Aside from a small blip in the early Eighties, the number of working mothers has been rising constantly over the past 25 years, particularly those taking on full-time careers (we're not talking dinner ladies here). Well over half of all mothers in the UK have some kind of employment. That, combined with the shift from a manufacturing to a service-industry- led economy, plus child-care resources that are stretched to capacity, has inevitably led more men to swap jobs with their wives to stay at home with the kids. Today it is estimated that 17 in every 1,000 fathers are full-time, stay-at-home husbands. That's a total of 110,000 nationwide. The Office of Statistics believes that the number of house husbands has doubled over the past five years. And that's not including the part-timers.
The benefits of being able to stay at home with your children are obvious, being with your children as they grow is many fathers' dream. But seeing the first smile, the first steps, and hearing the first words (more likely to be "Daddy", don't forget) and even witnessing the first successful potty/bottom interface are one-off joys that most fathers miss.
However, this role reversal does bring problems. Loss of self-esteem is common among men who have prematurely terminated careers. Then there are the more immediate stresses of being lumbered with what, at times, amount to little more than miniature Beelzebubs. These problems, of course, are no different from those experienced by mothers who make the same sacrifices. Where domestic dads suffer more tellingly is in society's attitudes. A lack of changing facilities that admit men in shops and restaurants is an irritating obstacle, a negative response from friends and family can be more emotionally damaging. Perversely, the most significant opposition to the overturning of prehistoric gender stereotypes, at least according to these dads, has come from full-time mothers who don't work. And mean mothers they can be, too. Shunned from play school, given a stony silence at toddler group, and facing a barrage of indifference at the PTA, these fathers sometimes experience isolation and loneliness that few mothers do.

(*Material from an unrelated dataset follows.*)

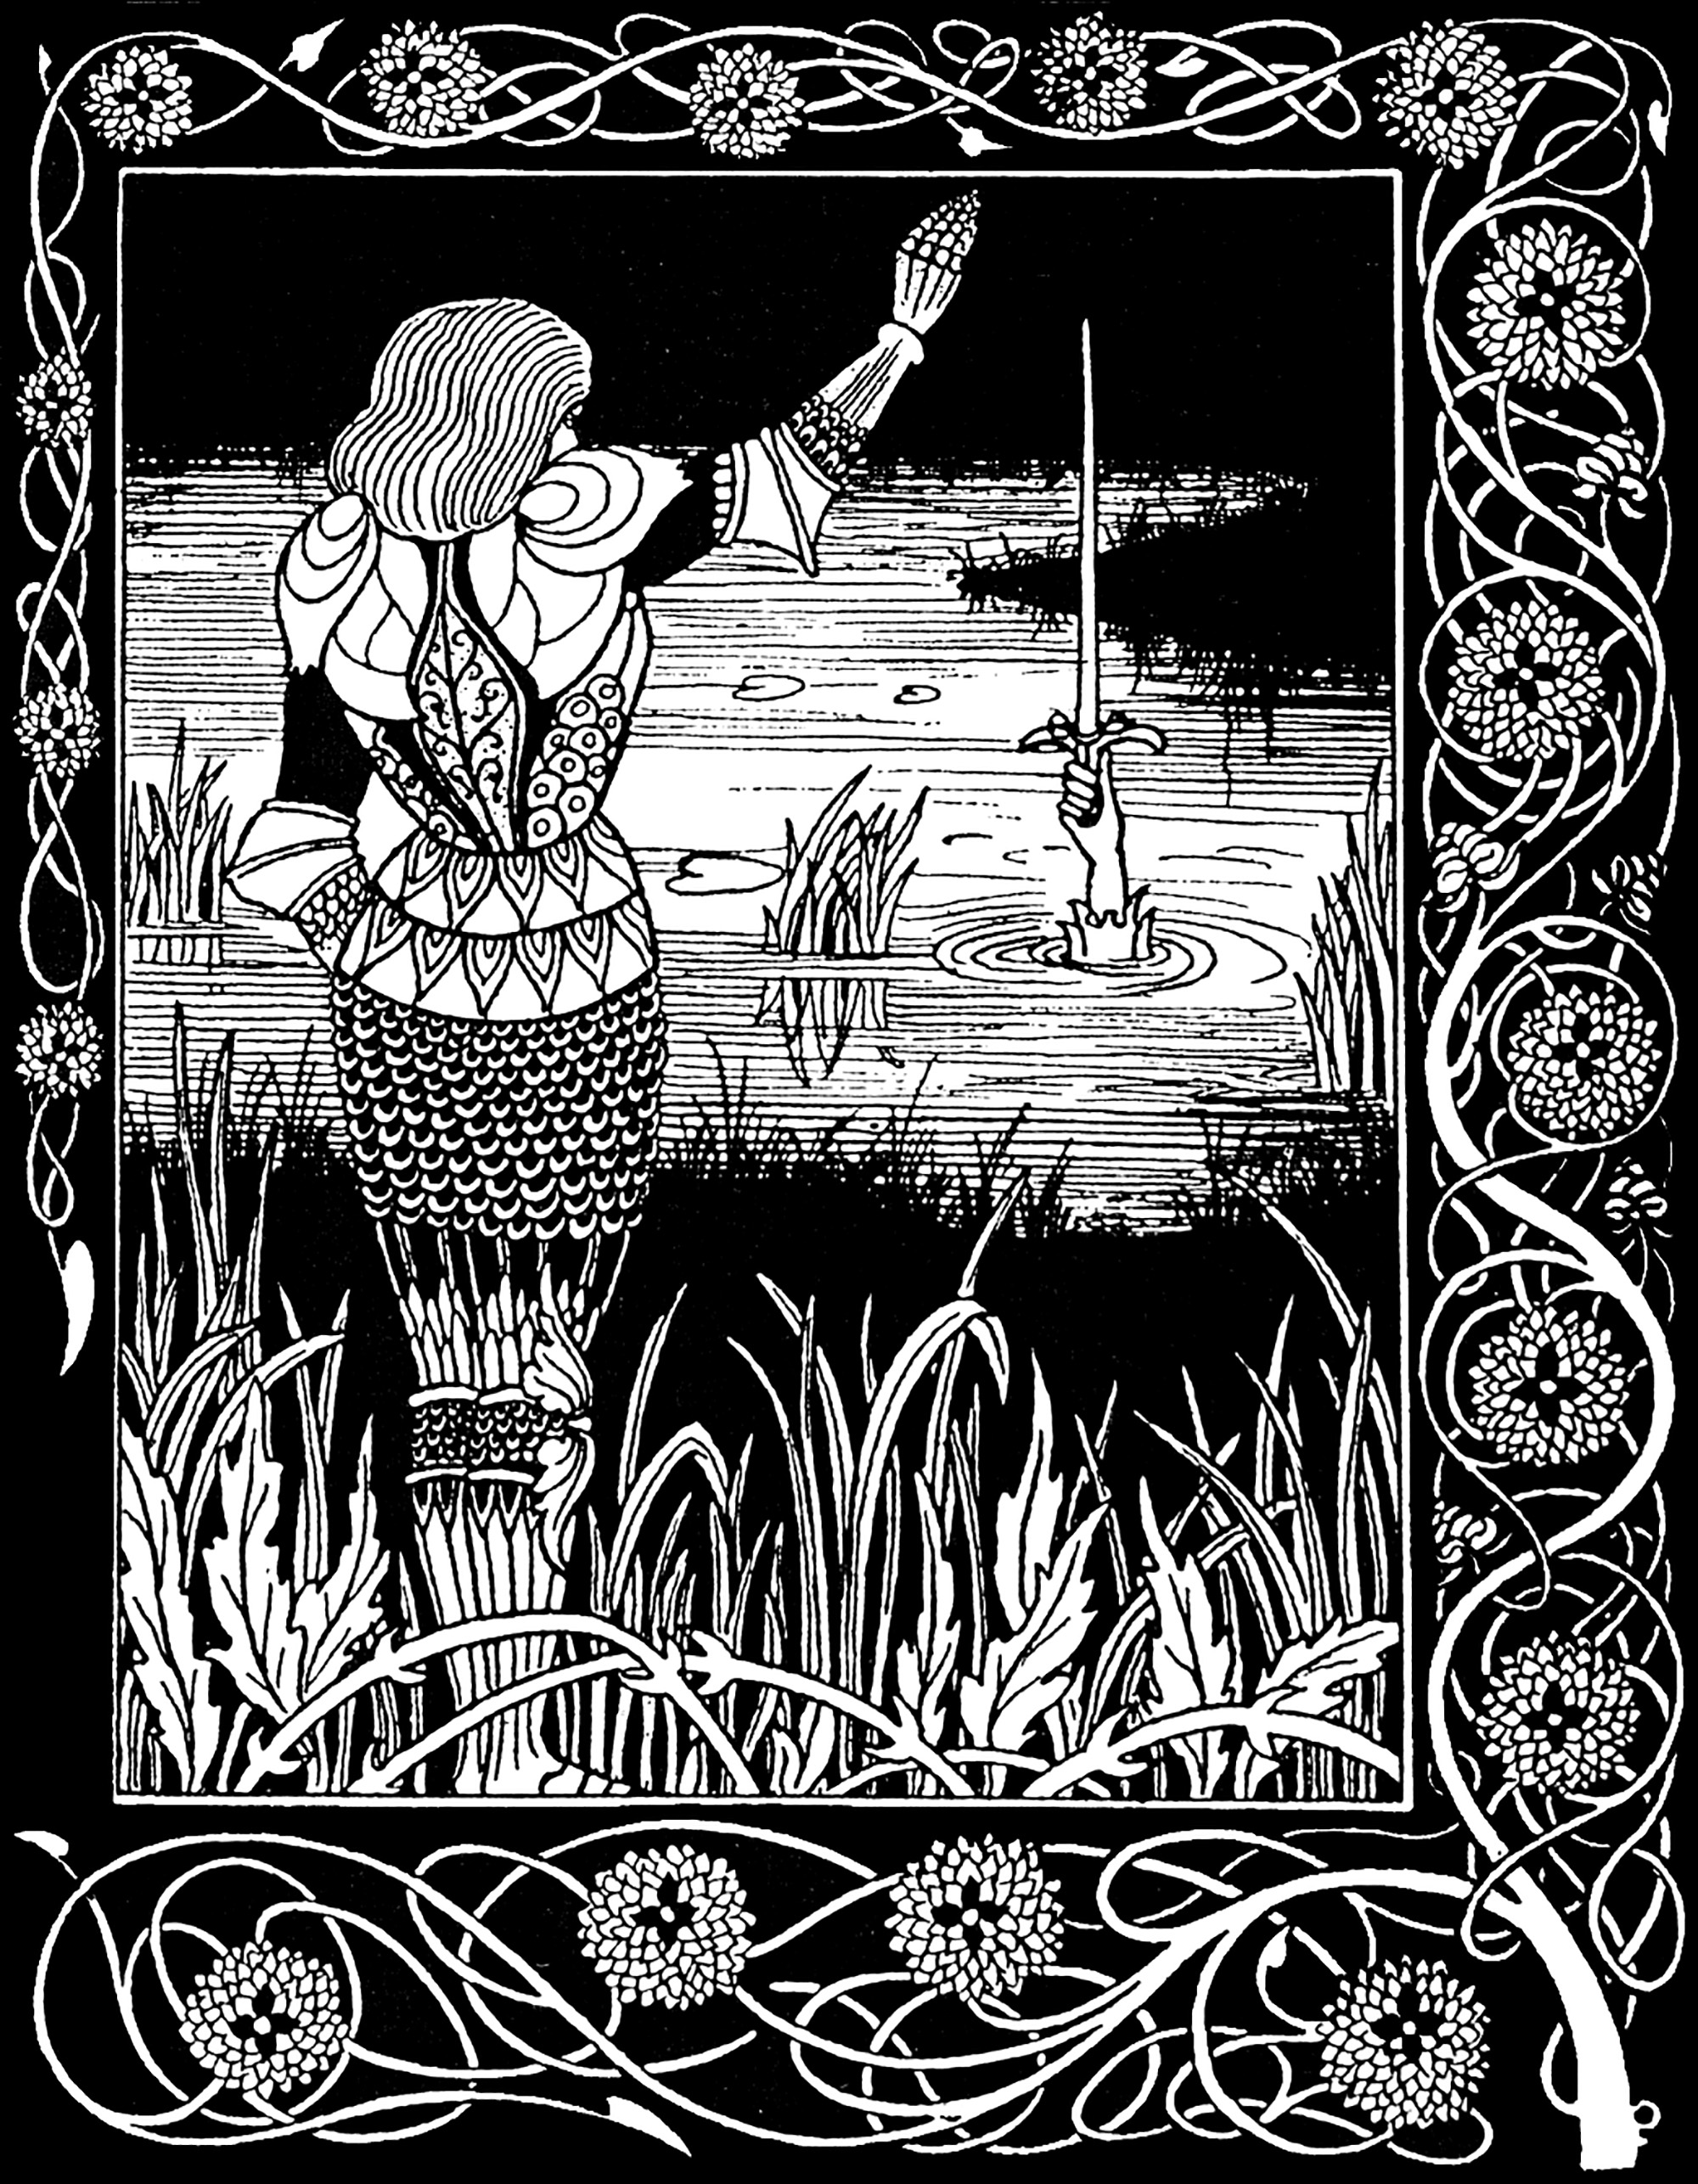 Sir Bedivere atira Excalibur, a espada de Artur, para o lago de onde veio. Ilustração de Aubrey Beardsley (1872-1898) para uma edição de La Mort d'Arthur de Sir Thomas Malory (1893).

If the current trend continues, that will prove to be short-sighted, at least as far as future career mothers are concerned. In the world of child care and parenting, New Supermen could very well be the shape of things to come, and they and everybody else had better start getting used to it.
Simon Prentice, 38, father of Molly, 4, and Fergus, 2: Simon's wife works full-time as a teacher, while he stays at home. "It can be hard being a bloke bringing up children because there are aspects of child care, like mother's groups, that are not at all welcoming. At play groups it's almost as if they turn their backs on you, you feel like you're on your own. I don't think being at home is unnatural at all. You're only made to feel it's unnatural by other people. My in-laws, they're very nice and friendly, and I'm probably imagining it, but I always think they're thinking that I should be working and bringing in the money. My friends probably think I'm a lazy bugger! But I don't find it embarrassing telling people what I do, though I do put a little gloss on it to make it sound better. I have gone absolutely nutty at home in the past with cabin fever. But there are rewards. The best thing is getting to know your kids better, seeing the little changes, like when Fergus suddenly put two words together - "bottle-brush" - or when they learnt to climb stairs. Now I've only got to be away for a couple of days and they seem to have moved on so much. There are some roles that don't change though, even though I do most of the cooking and cleaning, I'm still the one who fixes the car." Simon Brown, 28, father of Beth, 5, and Georgina, 2: "I very proud of what I do. I like the idea that I'm different, that I'm not conforming to what society thinks I should be, but in the beginning it was just out of convenience that my wife ended up working while I became a house husband. I lost my job as a printer and we both felt it would be better if she worked and I looked after the house because, and she'd agree, I'm more house-proud. She's more academic ... There were many times when I got funny looks at toddler group, still do, I am the only man there. There's still this stereotype that men are child beaters or something, and I think some thought I was infringing on their responsibilities, that this wasn't something that a man should be doing." Despite having two daughters to cope with full time, Simon says his only stresses are financial. "And when they go to school and I have to get a job I will miss this very, very much. I love being with my children, some fathers miss out on so much, you know."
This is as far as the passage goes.